**Problem statement**.
Here the job is to transcribe the data verbatim while leaving each picture out.

**Given data**.
Segment Open

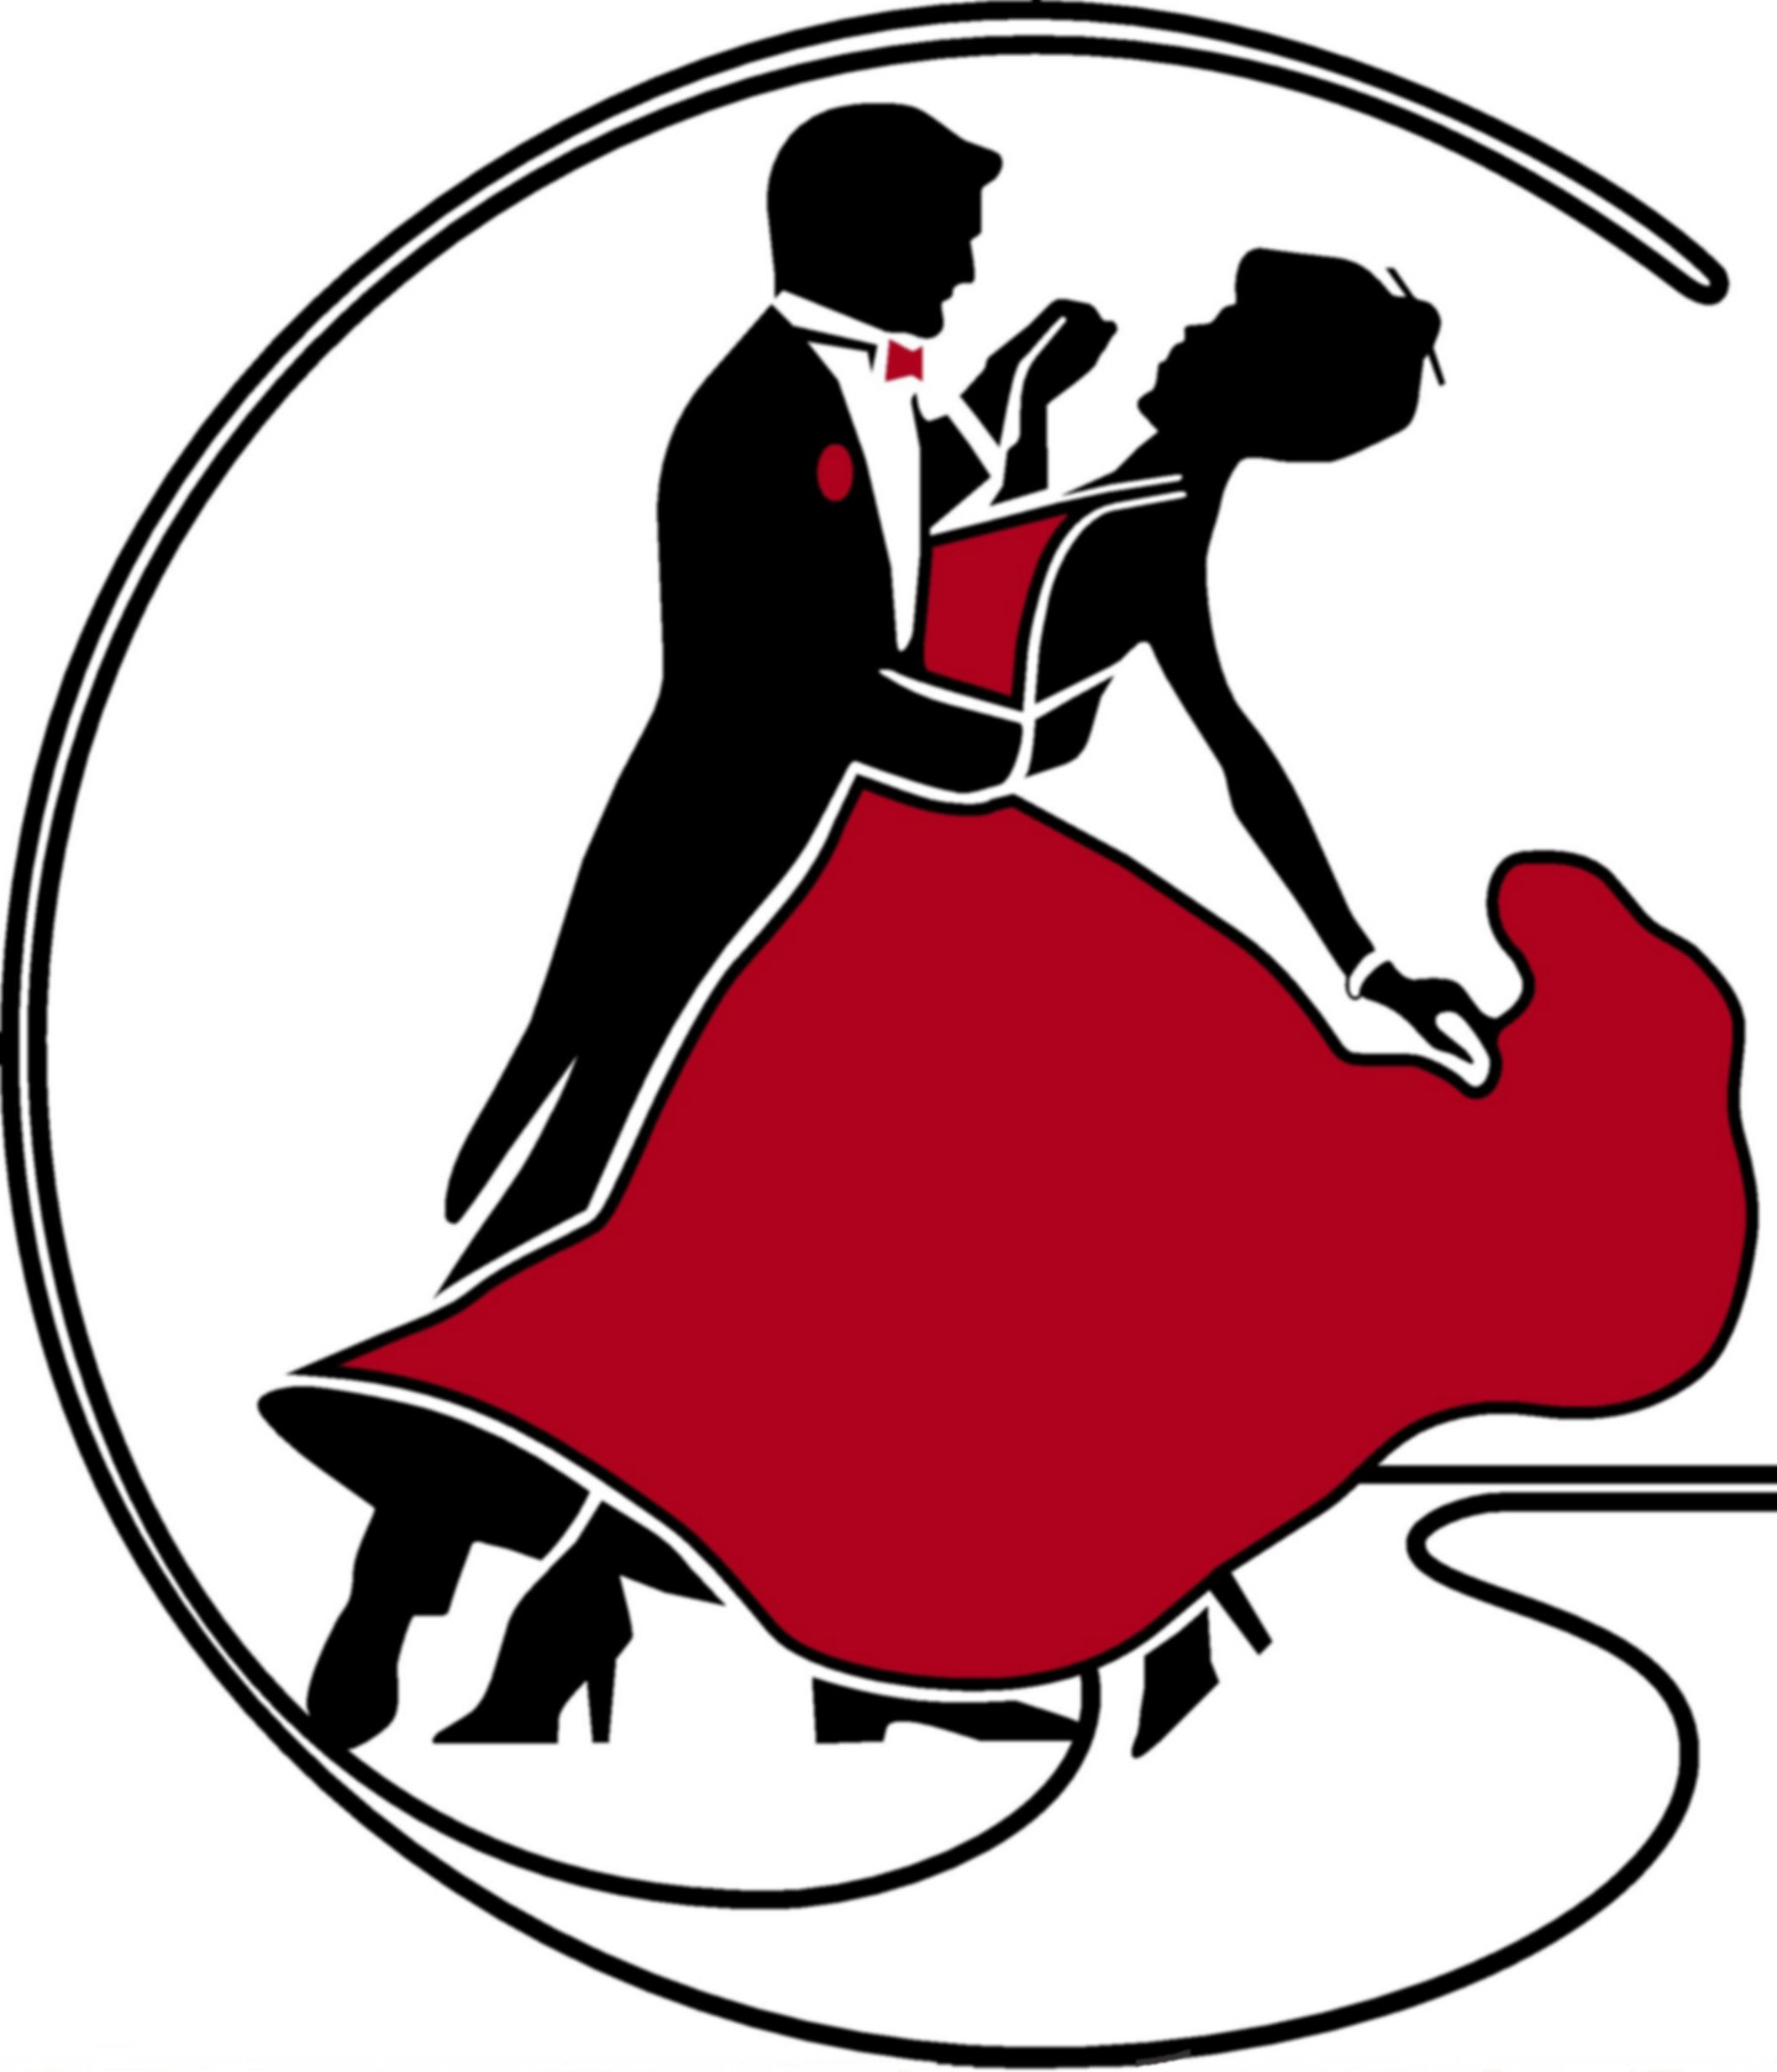 Ballroom Dancing Silhouette Clipart - Clipart Kid
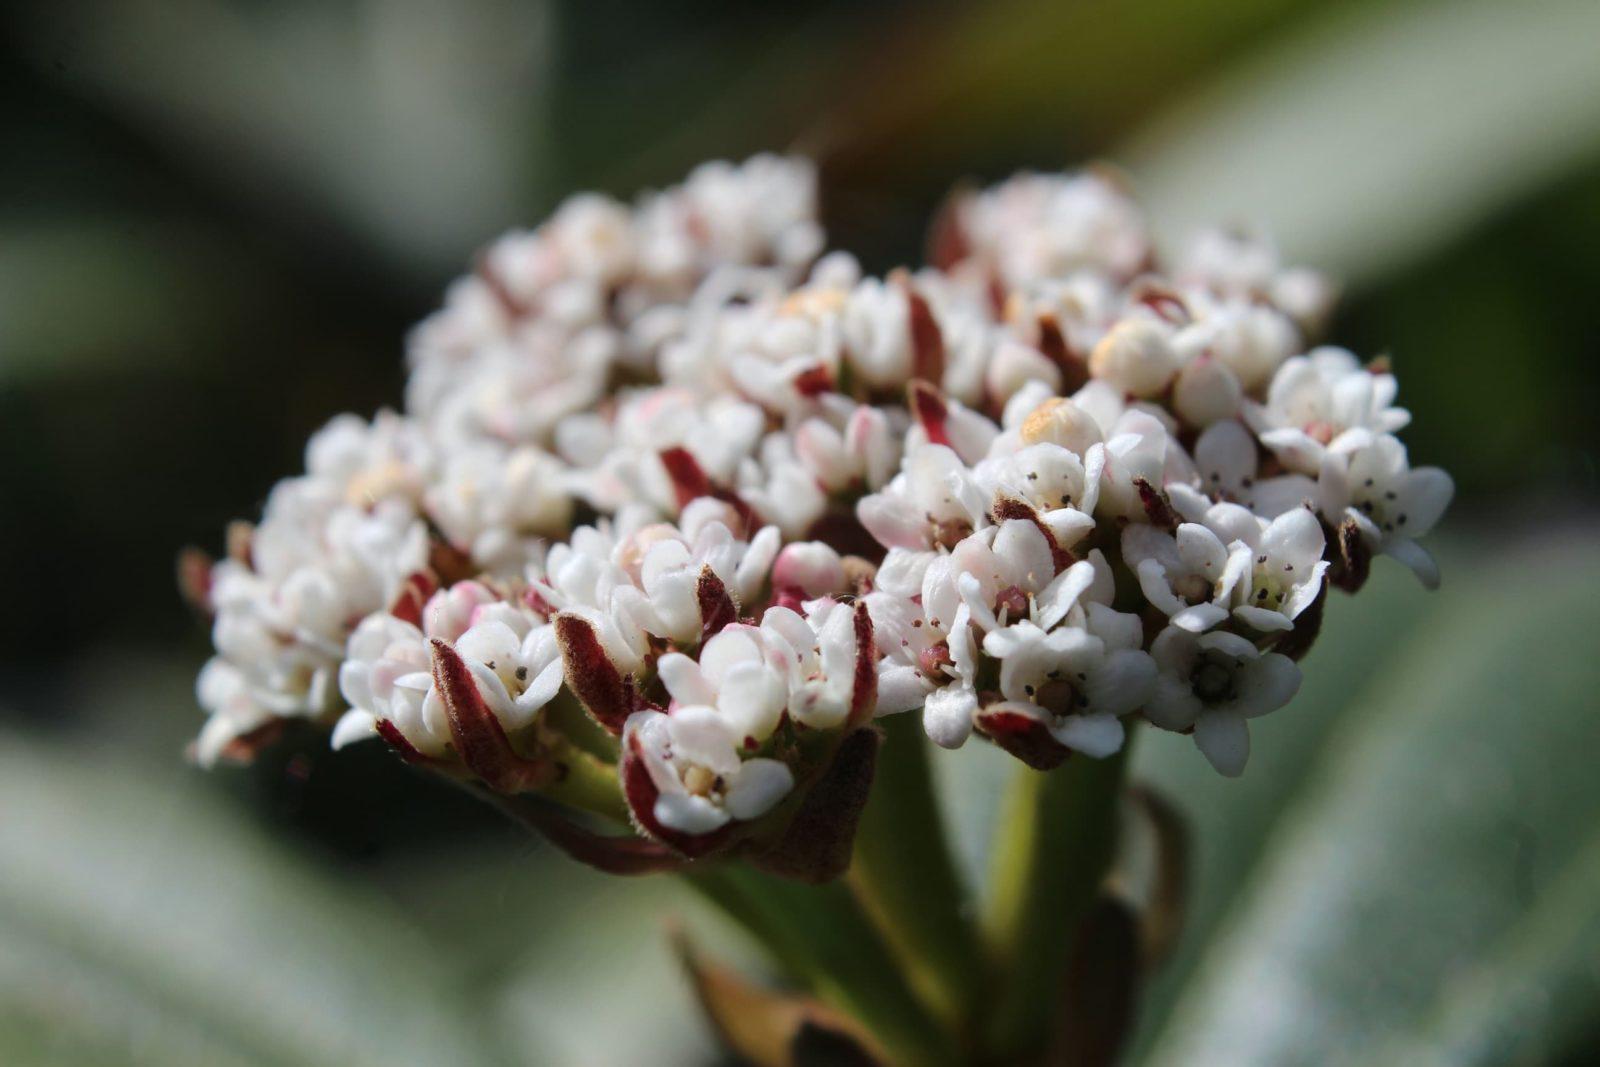 close up of the white leaves of vibernum davidii
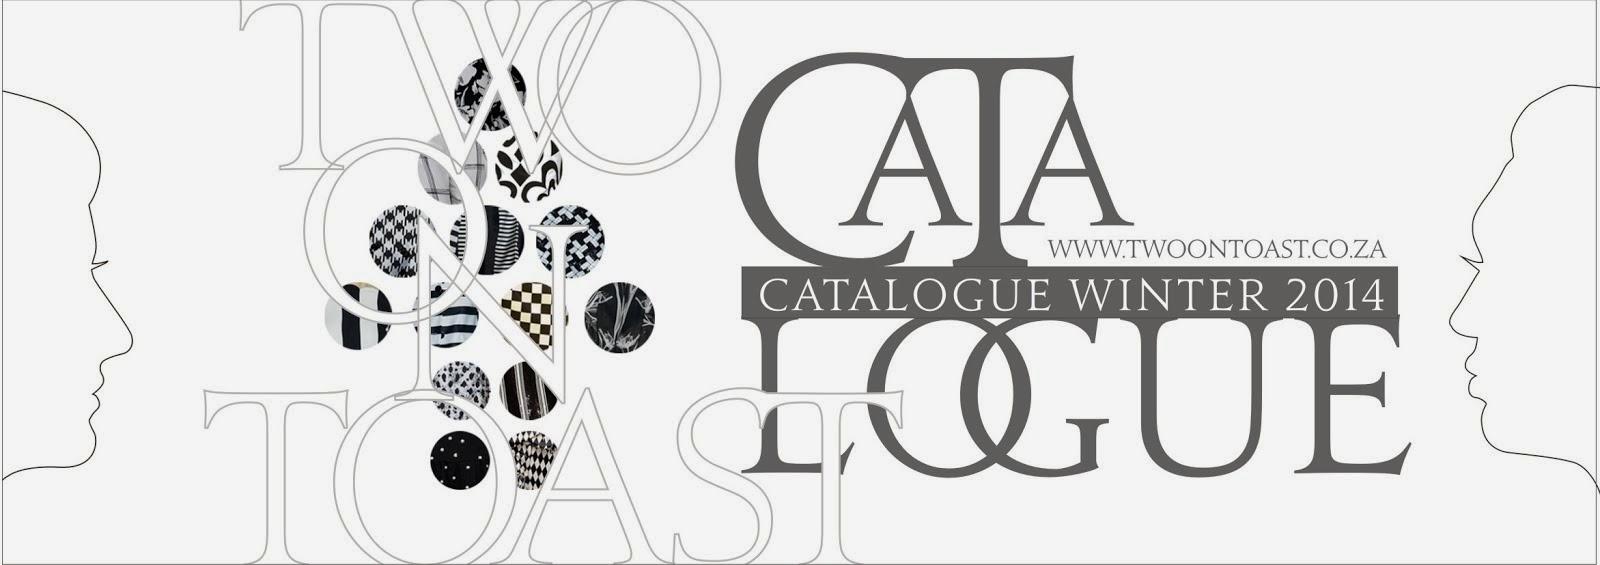 Catalogue Winter 2014

Segment Closed

**Answer space**.
 Ballroom Dancing Silhouette Clipart - Clipart Kid
 close up of the white leaves of vibernum davidii
 Catalogue Winter 2014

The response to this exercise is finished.